On other hand, \wifi{} chipsets do have various RF characteristics, such as
carrier sensing range or antenna sensitivity. For instance, when building
client-perceived conflict graph (\S\ref{subsec:channel}), a more sensitive
device may reveal more conflict edges than those less sensitive ones. And
similarity, devices with different sensitivity levels may disagree on the
offending set of same RAP (\S\ref{subsec:rogue}).

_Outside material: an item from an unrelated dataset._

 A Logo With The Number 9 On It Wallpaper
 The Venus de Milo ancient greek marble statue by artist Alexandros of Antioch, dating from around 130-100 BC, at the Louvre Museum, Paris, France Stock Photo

To tolerate such device diversities, the measurement processing logic can either
be aggressive by adopting the superset of observations from different devices, or
be conservative and only consider common conflicts reported by most of the
devices. Additionally, note that relative ordering of the APs by signal strength
is usually consistent for each device, therefore the device heterogeneity has
minimal impact on the spatial planning case study, where only the relative
ordering of the APs instead of the absolute RSSI values is utilized.